* Provided entries:
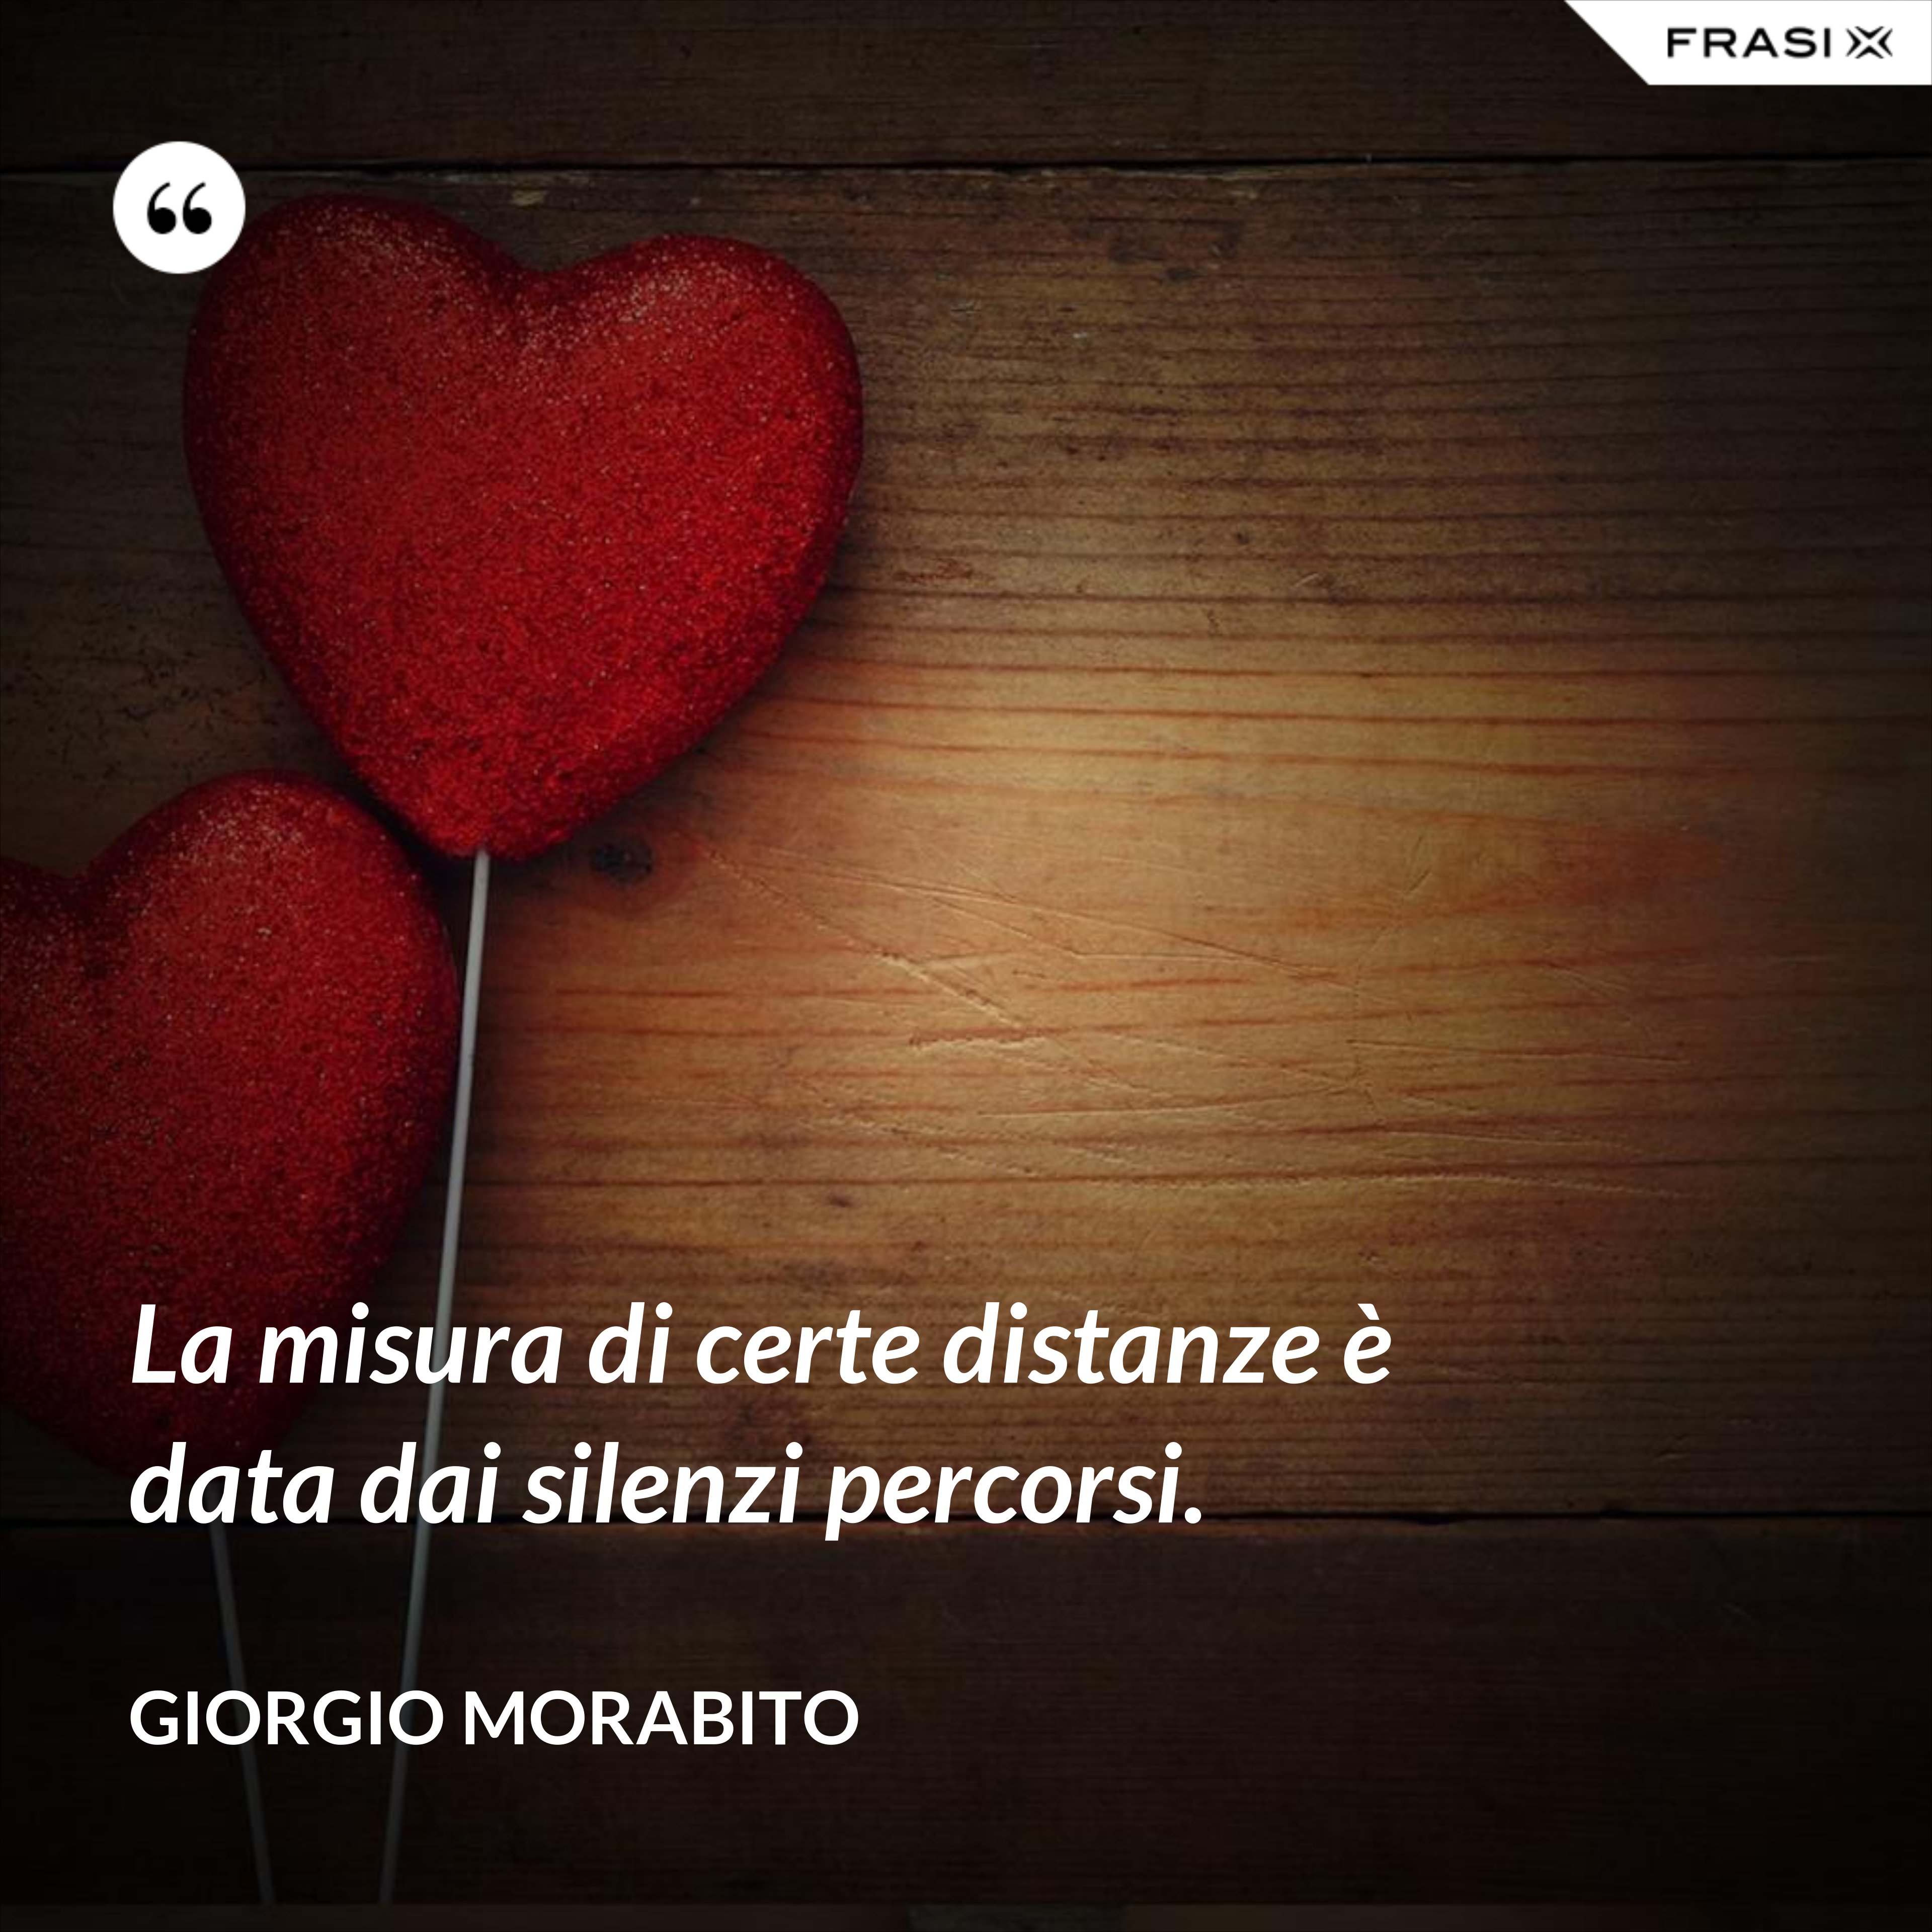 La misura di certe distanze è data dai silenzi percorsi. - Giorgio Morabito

---

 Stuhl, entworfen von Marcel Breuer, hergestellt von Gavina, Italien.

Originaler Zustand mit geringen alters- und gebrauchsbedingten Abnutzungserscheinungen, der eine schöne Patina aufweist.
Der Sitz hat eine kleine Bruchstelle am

---

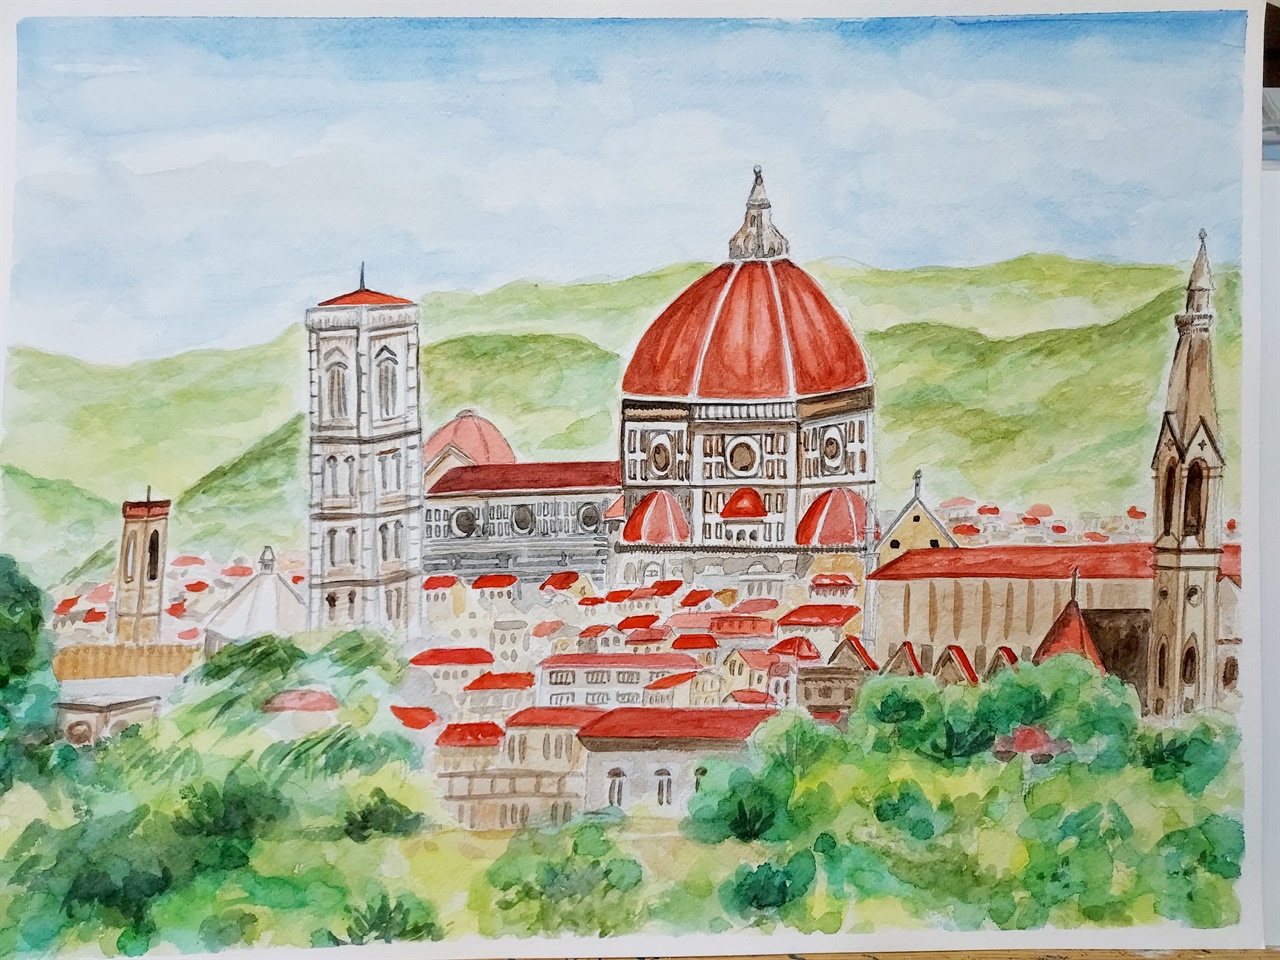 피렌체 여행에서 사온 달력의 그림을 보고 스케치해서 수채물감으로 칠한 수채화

* Description of the task:
Keep both end lines and retype everything in the records above from the line containing "Stuhl, entworfen von" through the line containing "Der Sitz hat eine kleine Bruchstelle am", exactly, with nothing else.

* Solution to the exercise:
 Stuhl, entworfen von Marcel Breuer, hergestellt von Gavina, Italien.

Originaler Zustand mit geringen alters- und gebrauchsbedingten Abnutzungserscheinungen, der eine schöne Patina aufweist.
Der Sitz hat eine kleine Bruchstelle am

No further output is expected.